One of the many common household items that provided hours of entertainment during my childhoold after my siblings and I co-opted it as a low-tech "toy" was shaving cream — or, more specifically, aerosol cans of shaving cream. It was amazing to us kids how much foamy lather we could produce (and how much of a mess we could make) with just a little squirt or two of the stuff, and of course we fantasized about what quantity of foam would be produced by a whole can of the stuff — enough to fill the bathroom, maybe?
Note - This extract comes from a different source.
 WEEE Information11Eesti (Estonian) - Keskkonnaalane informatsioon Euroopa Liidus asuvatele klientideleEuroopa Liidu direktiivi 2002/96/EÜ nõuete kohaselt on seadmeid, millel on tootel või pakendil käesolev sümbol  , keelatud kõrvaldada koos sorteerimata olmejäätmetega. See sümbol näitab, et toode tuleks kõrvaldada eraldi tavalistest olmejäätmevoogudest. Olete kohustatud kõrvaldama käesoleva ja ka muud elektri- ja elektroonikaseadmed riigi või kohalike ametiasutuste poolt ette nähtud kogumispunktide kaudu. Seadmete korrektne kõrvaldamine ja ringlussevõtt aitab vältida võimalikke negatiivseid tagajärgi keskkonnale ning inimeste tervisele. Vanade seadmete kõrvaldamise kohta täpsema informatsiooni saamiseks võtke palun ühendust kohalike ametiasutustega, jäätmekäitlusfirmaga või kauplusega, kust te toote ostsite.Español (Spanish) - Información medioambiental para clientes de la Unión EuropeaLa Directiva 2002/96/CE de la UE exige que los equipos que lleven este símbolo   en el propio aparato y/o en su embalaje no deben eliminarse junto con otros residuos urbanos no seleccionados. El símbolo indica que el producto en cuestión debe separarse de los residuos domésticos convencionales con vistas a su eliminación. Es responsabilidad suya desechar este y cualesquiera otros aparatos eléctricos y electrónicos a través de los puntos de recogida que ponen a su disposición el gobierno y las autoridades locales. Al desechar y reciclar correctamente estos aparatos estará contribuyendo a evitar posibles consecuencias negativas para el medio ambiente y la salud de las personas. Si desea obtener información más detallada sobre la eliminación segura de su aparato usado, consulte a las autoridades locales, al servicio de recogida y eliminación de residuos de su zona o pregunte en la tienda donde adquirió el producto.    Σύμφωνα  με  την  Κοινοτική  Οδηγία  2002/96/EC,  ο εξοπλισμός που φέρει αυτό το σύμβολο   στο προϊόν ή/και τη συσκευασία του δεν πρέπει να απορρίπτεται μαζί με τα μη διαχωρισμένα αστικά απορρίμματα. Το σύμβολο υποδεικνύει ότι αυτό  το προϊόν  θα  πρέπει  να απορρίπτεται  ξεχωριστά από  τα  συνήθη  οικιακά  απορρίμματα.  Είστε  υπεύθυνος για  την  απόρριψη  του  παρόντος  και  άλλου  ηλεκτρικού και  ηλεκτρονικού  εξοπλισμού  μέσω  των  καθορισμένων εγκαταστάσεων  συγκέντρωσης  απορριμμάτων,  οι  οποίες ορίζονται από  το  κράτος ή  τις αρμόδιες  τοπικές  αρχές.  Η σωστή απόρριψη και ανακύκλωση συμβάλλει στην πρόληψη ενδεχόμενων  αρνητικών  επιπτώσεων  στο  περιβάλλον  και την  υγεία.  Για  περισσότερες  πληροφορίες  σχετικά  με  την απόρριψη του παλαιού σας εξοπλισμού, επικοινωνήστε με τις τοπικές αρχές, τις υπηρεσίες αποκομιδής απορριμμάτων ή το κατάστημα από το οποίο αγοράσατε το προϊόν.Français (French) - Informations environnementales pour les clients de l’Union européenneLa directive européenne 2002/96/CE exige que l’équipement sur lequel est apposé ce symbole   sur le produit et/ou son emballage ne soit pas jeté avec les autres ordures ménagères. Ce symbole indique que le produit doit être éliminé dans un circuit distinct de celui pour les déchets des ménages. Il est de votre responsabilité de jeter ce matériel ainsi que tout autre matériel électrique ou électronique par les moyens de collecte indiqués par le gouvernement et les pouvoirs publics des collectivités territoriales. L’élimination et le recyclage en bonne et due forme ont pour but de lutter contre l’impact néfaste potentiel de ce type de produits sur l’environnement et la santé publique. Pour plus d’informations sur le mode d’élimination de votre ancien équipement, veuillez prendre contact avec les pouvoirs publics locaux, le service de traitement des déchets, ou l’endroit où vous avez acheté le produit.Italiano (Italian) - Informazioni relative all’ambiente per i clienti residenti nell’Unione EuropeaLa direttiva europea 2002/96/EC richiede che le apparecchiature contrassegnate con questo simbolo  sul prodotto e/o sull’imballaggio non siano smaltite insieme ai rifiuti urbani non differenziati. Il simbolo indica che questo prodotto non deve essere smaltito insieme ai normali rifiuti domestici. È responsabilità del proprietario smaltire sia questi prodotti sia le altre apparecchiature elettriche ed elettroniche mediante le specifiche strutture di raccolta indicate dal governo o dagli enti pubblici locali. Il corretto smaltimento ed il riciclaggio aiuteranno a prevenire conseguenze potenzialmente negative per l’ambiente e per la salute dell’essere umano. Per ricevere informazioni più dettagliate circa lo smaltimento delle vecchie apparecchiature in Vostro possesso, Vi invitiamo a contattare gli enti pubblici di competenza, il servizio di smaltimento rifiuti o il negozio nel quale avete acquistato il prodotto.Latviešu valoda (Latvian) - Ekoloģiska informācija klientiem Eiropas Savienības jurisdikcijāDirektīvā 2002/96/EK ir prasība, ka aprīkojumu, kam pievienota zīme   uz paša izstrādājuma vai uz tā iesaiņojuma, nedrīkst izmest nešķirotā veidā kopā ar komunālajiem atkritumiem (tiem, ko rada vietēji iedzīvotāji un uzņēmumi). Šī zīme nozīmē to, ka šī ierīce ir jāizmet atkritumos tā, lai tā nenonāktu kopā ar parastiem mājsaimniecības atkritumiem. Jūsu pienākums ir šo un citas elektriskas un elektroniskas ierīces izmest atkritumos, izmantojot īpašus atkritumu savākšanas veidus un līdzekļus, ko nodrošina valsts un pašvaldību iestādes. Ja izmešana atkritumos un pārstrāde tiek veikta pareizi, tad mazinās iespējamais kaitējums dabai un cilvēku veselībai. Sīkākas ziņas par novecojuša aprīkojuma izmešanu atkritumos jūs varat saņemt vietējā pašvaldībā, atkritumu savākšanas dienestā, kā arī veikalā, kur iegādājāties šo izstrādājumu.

We never did quite answer that question definitively, as our abortive experimental attempts along these lines (performed in a straightforward manner, by holding down the button and trying to empty the can through the nozzle) resulted not in a foam-filled bathroom, but in a few young behinds being paddled red.
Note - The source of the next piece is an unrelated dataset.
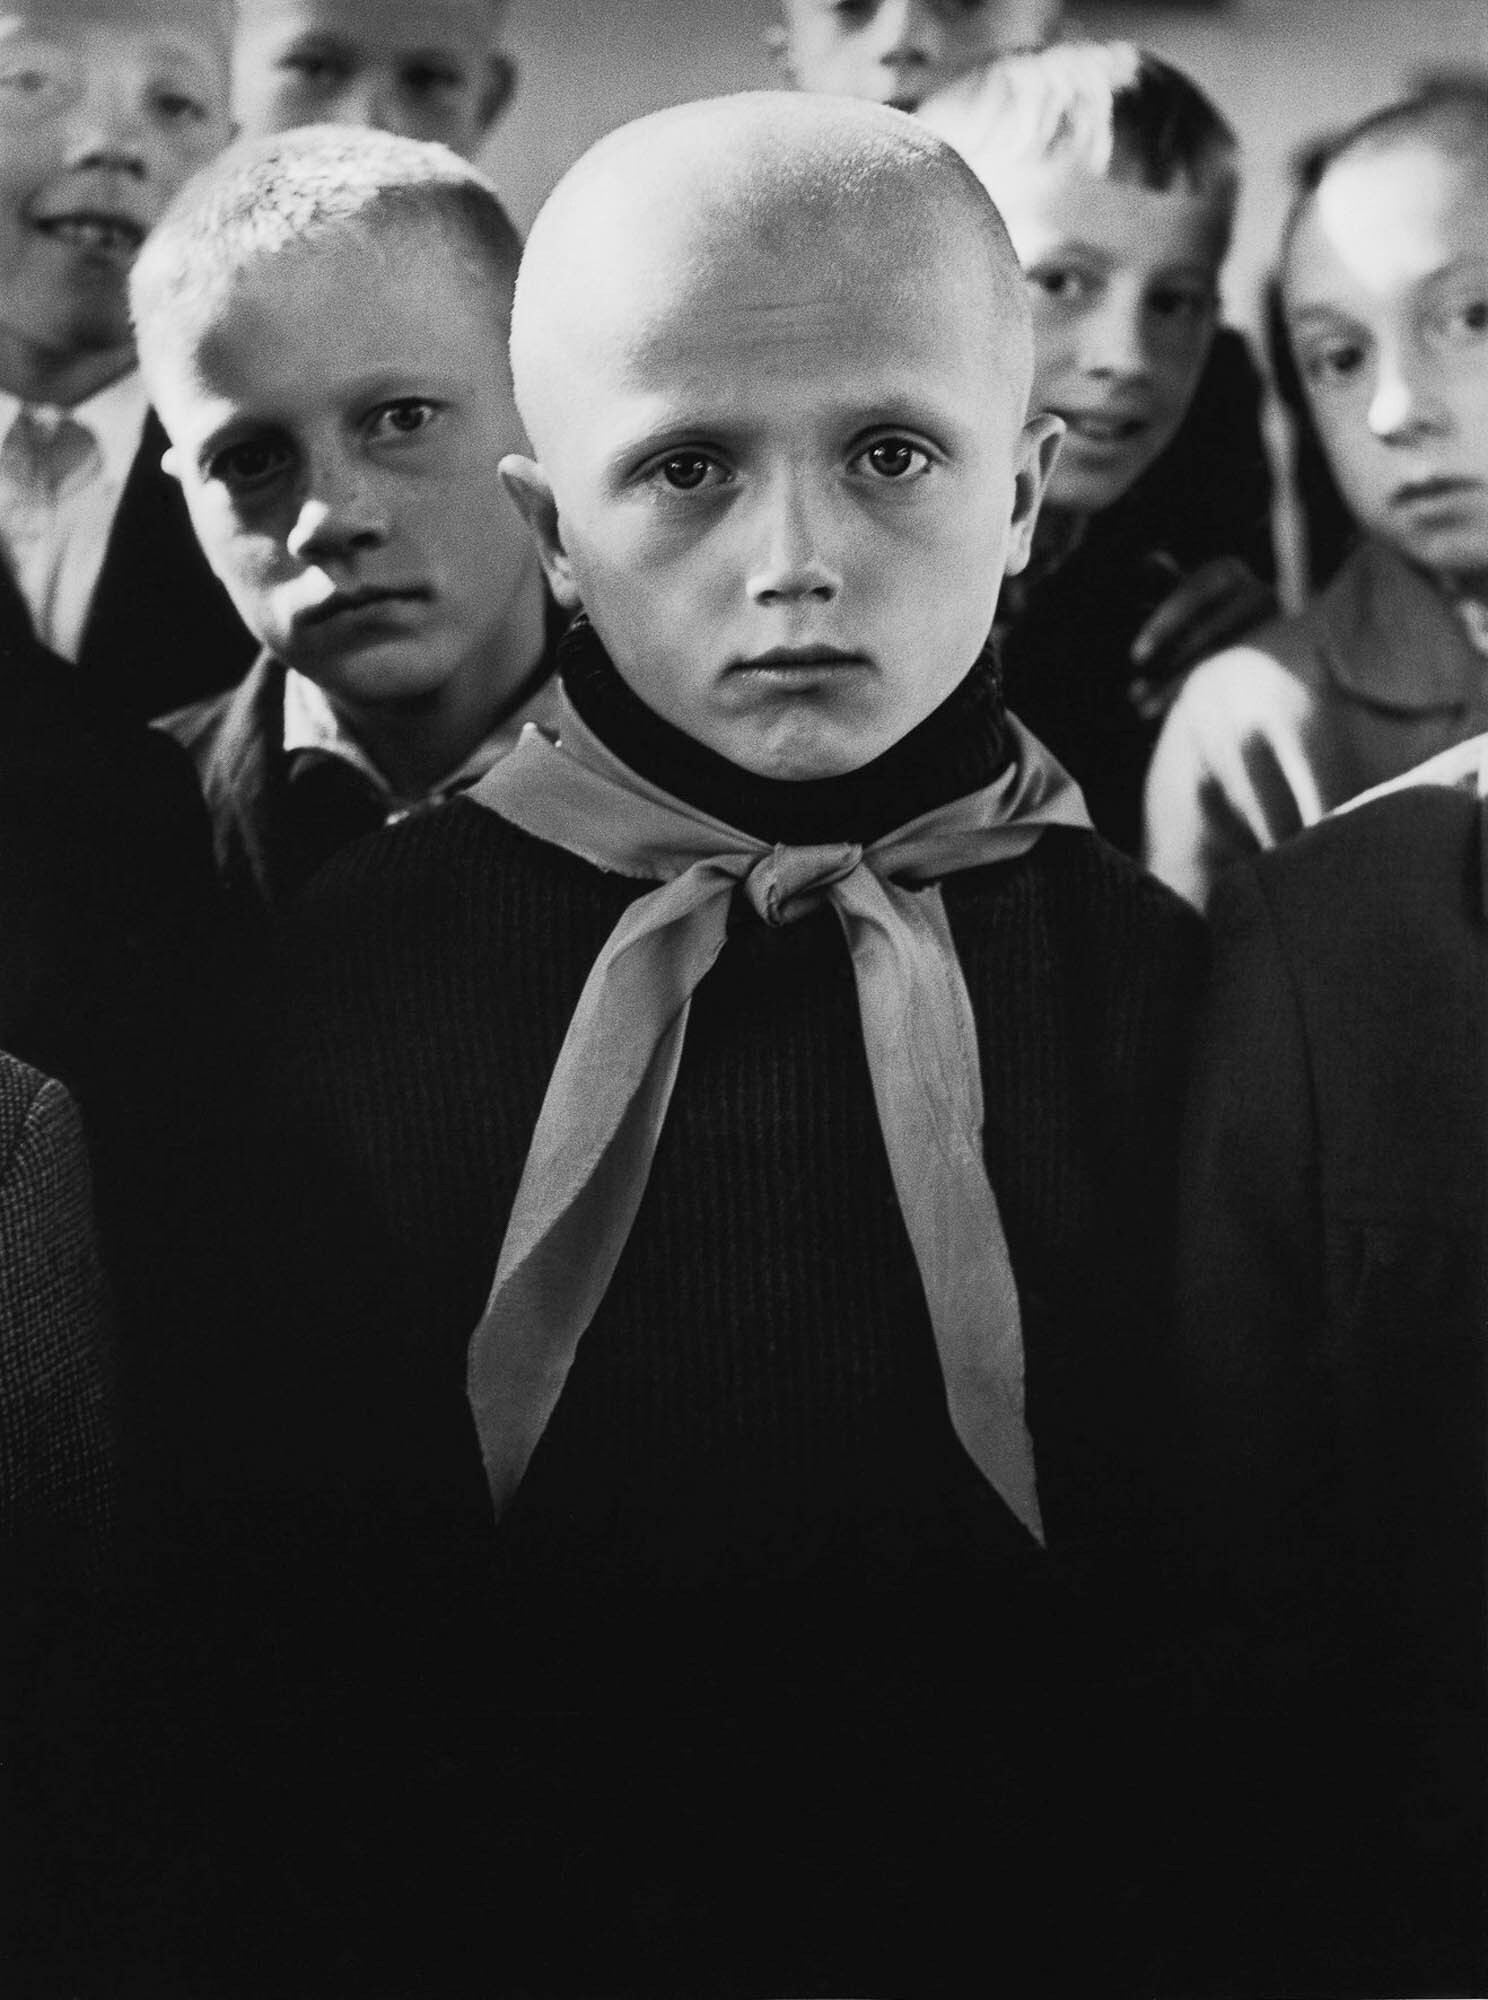 Игналина, Пионер, 1964 год, фотограф Антанас Суткус

This childhood fantasy lives on, however, in the form of a belief that freezing a few cans of shaving cream (either quickly by immersing them in a bath of liquid nitrogen, or more slowly by placing them in a conventional freezer) and then carefully cutting them open will produce compact, easily transportable lumps of shaving cream material — lumps that, when allowed to thaw, will expand into a foamy cascade of tremendous volume. This concept allows the imagining of a set-up for the perfect prank: freeze a couple of cans of shaving cream, hide the resulting frozen blobs in your victim's car, and make your getaway. Some time afterwards (from hours to days later, depending on the temperature), while you're far away, the blobs will thaw out and expand into a messy, automobile-filling mass of shaving lather:
I heard that if you freeze two cans of shaving cream (conventional freezer, or liquid nitrogen), then cut the cans open so you can take the frozen solid shaving cream out, and place them in a car, when they thaw out the entire car will be filled with shaving cream.
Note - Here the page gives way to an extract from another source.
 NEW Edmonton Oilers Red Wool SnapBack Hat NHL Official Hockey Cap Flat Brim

Unfortunately, the reality doesn't quite live up to the fantasy, for a few basic reasons:
- Much of the "foaminess" of shaving cream lather is produced through the cream's being propelled from the can and combined with air. A lump of frozen shaving cream won't, on its own, increase tremendously in volume simply through the process of thawing. (Much as bubble bath dumped into a pool of still water won't immediately produce a deluge of bubbles, as the water has to be agitated first.)
- A standard can of shaving cream doesn't produce as much lather one one might think, and certainly not enough to fill a typical automobile.
As graphic illustrations of these points, we call attention to the work of the folks at cockeyed.com, whose "How Much Is Inside" exploits have included emptying an entire can of shaving cream and finding that the results were not as voluminous as expected (their truer representation of how much comes out of a can be viewed here), as well as performing the above-referenced experiment of freezing an 11-oz. can of shaving cream, extracting its contents, and allowing the frozen block of cream to thaw.
In the latter case, although the thawed block increased in volume by a fairly large proportion (about 850%), it still only produced a rather disappointing 12 cups of foam overall — enough to make a fine mess (if spread about), but nearly not enough to fill the interior of a typical automobile.
If you really want to fill up a car with shaving cream, you'd best be prepared to invest in at least a few dozen cans of the stuff.